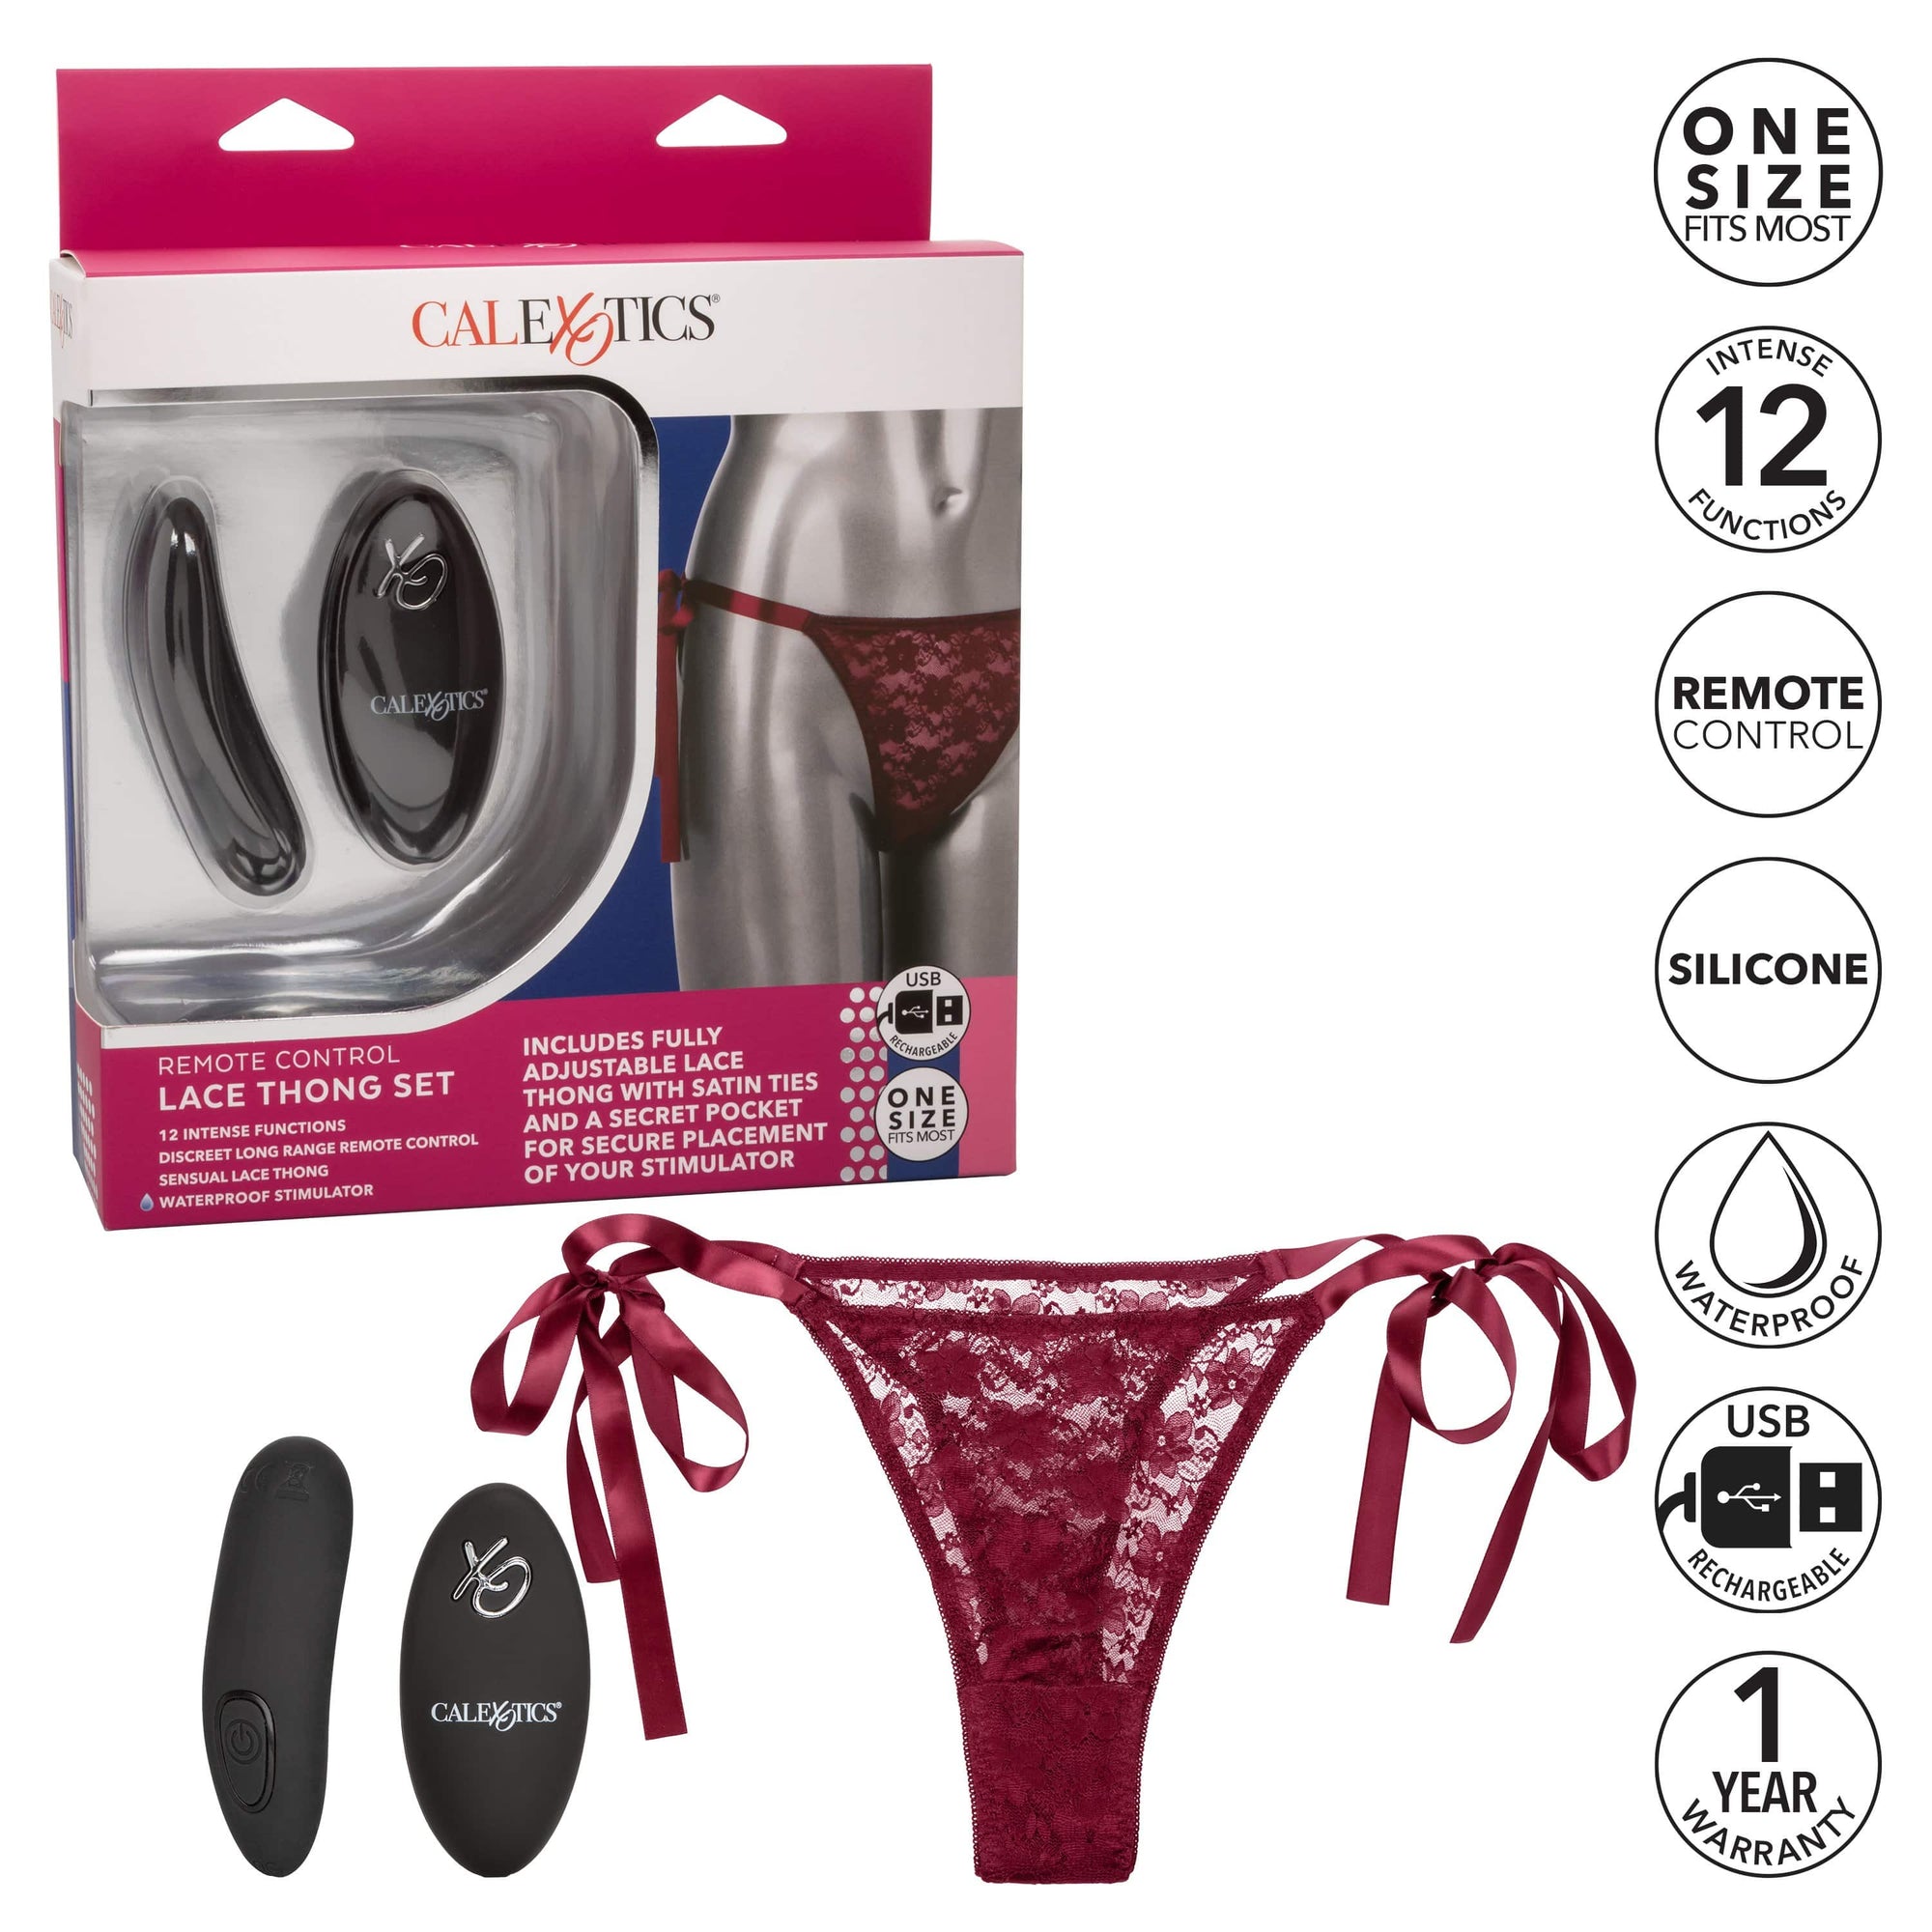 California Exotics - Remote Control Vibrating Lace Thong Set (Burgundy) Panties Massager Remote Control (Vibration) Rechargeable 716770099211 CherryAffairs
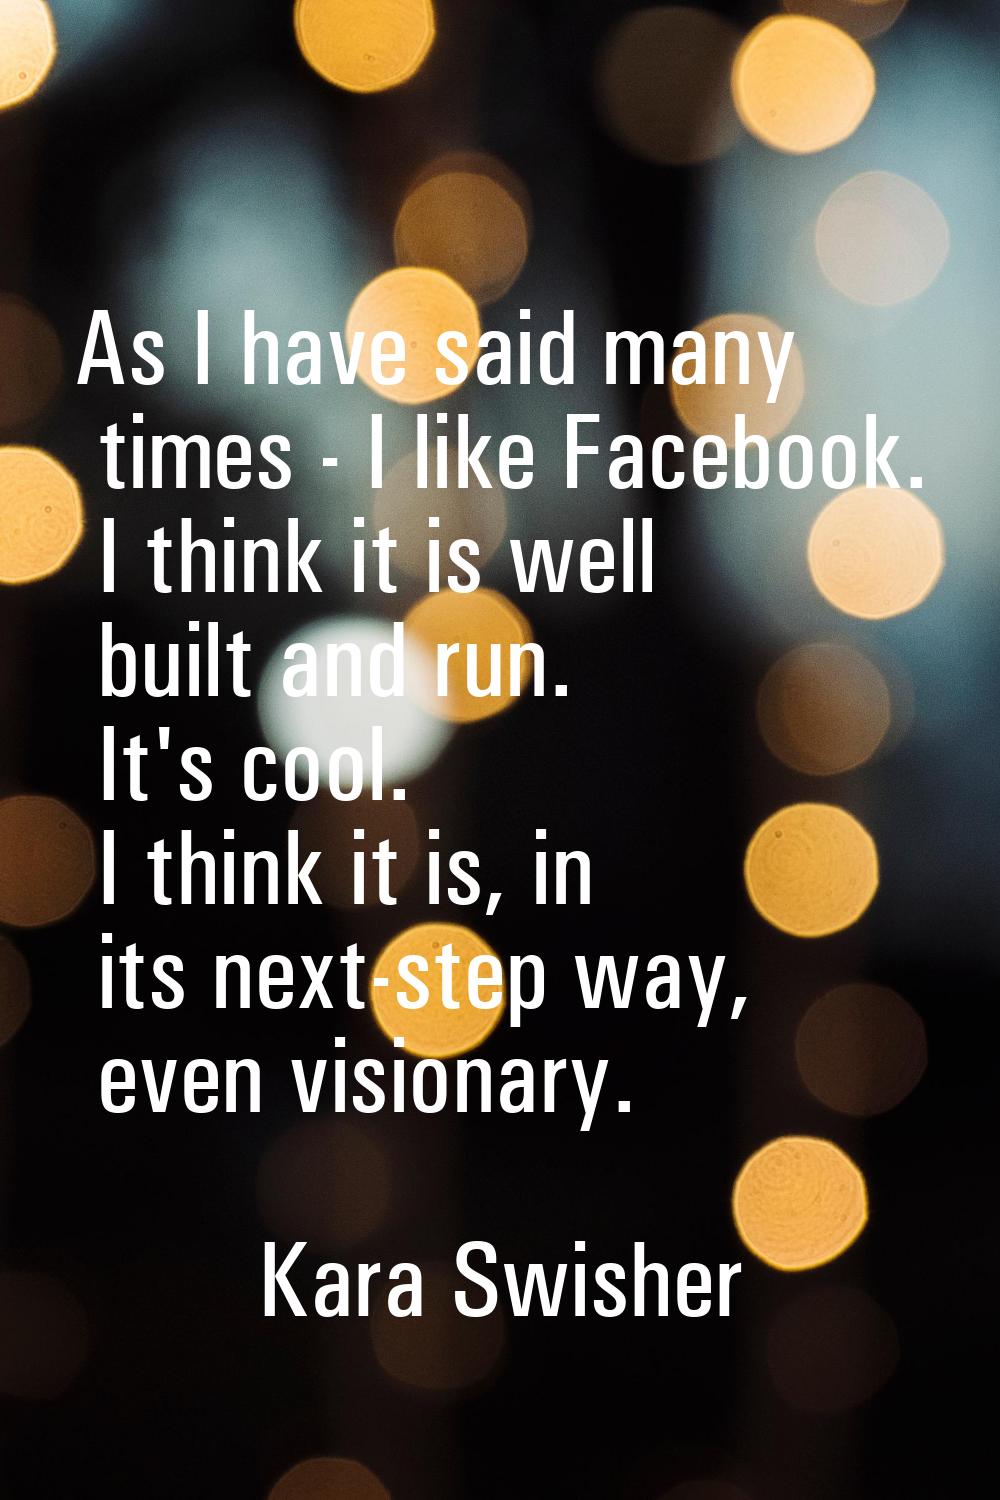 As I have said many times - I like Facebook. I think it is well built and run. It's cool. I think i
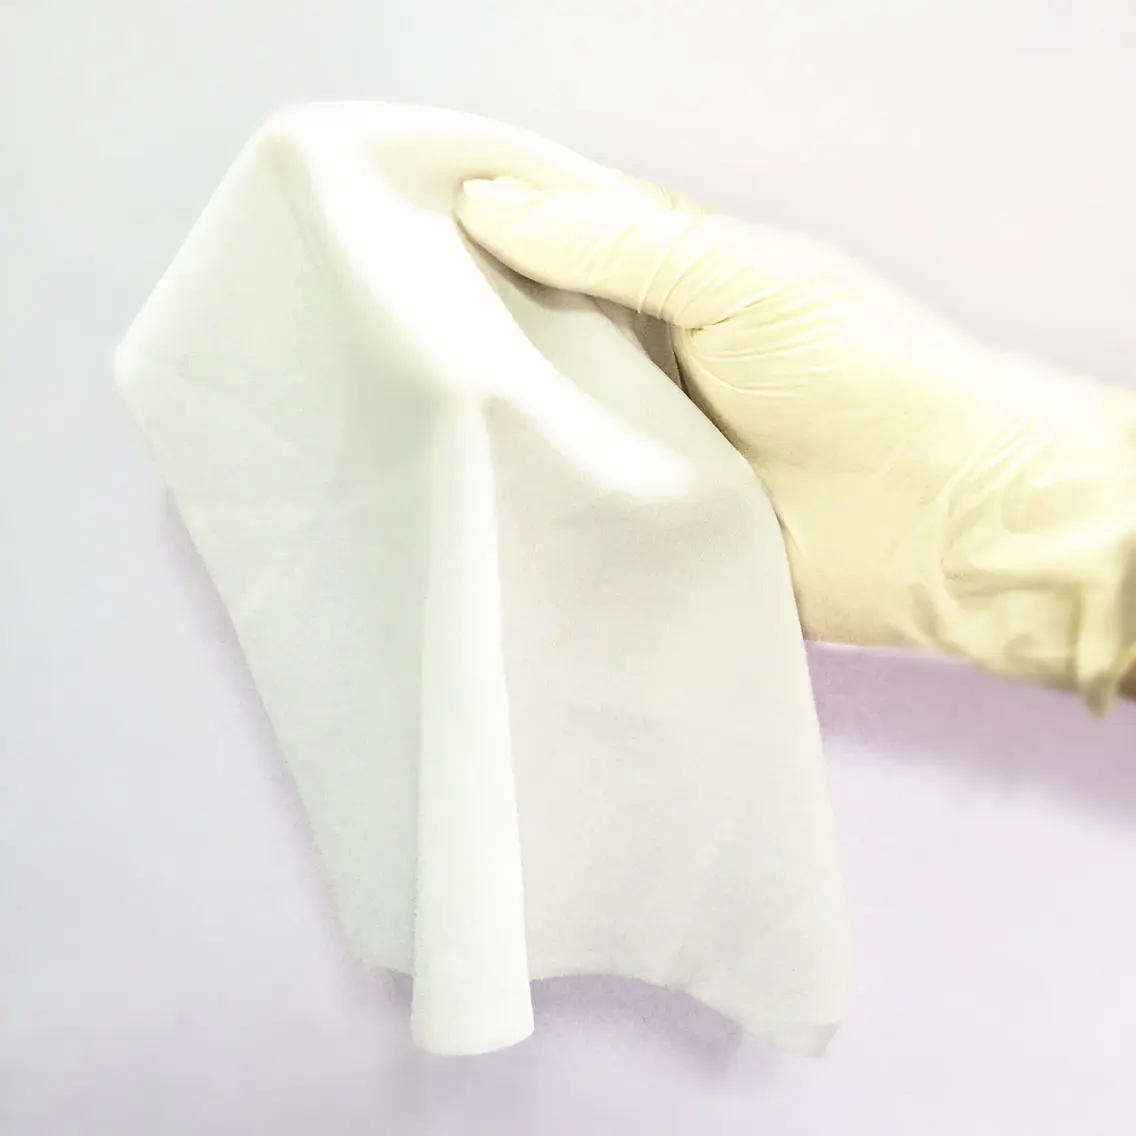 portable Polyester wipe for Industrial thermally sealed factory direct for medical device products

::::

PROBLEM TO WORK ON: Give again, word for word, the lines above from the first one through the one containing "As I have said"; no pictures.

WRITTEN REPLY:
 California Exotics - Remote Control Vibrating Lace Thong Set (Burgundy) Panties Massager Remote Control (Vibration) Rechargeable 716770099211 CherryAffairs
 As I have said many times - I like Facebook. I think it is well built and run. It's cool. I think i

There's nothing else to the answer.